TASK PROMPT ::
The expected answer comprises all lines from the entries that contain the string "Striped".

DATASET ENTRIES ::
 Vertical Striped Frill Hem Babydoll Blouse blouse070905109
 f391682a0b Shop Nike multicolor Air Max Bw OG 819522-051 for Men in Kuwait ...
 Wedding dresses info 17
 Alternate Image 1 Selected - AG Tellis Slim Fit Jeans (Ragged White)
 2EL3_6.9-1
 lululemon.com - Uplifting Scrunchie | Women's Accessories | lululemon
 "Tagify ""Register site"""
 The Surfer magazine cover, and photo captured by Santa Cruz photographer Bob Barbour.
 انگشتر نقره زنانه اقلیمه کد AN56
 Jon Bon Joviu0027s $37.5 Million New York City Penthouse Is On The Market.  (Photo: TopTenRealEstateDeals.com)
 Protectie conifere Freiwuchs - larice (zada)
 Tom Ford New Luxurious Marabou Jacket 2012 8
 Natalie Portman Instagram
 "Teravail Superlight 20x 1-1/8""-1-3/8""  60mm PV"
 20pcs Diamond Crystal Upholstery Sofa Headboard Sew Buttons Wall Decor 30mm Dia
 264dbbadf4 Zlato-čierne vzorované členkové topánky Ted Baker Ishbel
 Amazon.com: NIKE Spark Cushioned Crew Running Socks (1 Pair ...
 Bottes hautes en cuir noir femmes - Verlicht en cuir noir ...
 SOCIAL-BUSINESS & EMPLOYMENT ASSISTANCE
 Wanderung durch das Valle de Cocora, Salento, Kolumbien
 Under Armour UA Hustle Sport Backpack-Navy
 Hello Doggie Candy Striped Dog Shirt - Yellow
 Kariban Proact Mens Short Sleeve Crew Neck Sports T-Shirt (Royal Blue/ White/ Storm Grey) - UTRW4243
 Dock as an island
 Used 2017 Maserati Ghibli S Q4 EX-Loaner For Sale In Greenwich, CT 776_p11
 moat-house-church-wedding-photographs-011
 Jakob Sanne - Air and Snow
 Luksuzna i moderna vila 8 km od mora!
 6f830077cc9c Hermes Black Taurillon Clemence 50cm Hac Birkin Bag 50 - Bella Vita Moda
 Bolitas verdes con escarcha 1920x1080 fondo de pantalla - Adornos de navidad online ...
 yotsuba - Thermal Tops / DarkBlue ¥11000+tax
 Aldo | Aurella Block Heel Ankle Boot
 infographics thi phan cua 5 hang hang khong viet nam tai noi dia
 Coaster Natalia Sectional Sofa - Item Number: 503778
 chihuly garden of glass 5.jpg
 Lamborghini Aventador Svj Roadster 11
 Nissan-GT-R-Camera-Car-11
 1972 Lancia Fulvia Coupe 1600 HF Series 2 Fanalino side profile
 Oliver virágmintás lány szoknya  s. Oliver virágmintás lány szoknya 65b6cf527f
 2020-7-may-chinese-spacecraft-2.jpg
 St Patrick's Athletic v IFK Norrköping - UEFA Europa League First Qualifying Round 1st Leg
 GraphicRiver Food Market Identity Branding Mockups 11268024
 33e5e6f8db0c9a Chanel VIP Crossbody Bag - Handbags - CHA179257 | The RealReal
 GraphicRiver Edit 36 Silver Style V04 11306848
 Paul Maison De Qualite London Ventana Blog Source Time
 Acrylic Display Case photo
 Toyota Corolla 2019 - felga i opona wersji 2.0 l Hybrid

EXERCISE RESPONSE ::
 Vertical Striped Frill Hem Babydoll Blouse blouse070905109
 Hello Doggie Candy Striped Dog Shirt - Yellow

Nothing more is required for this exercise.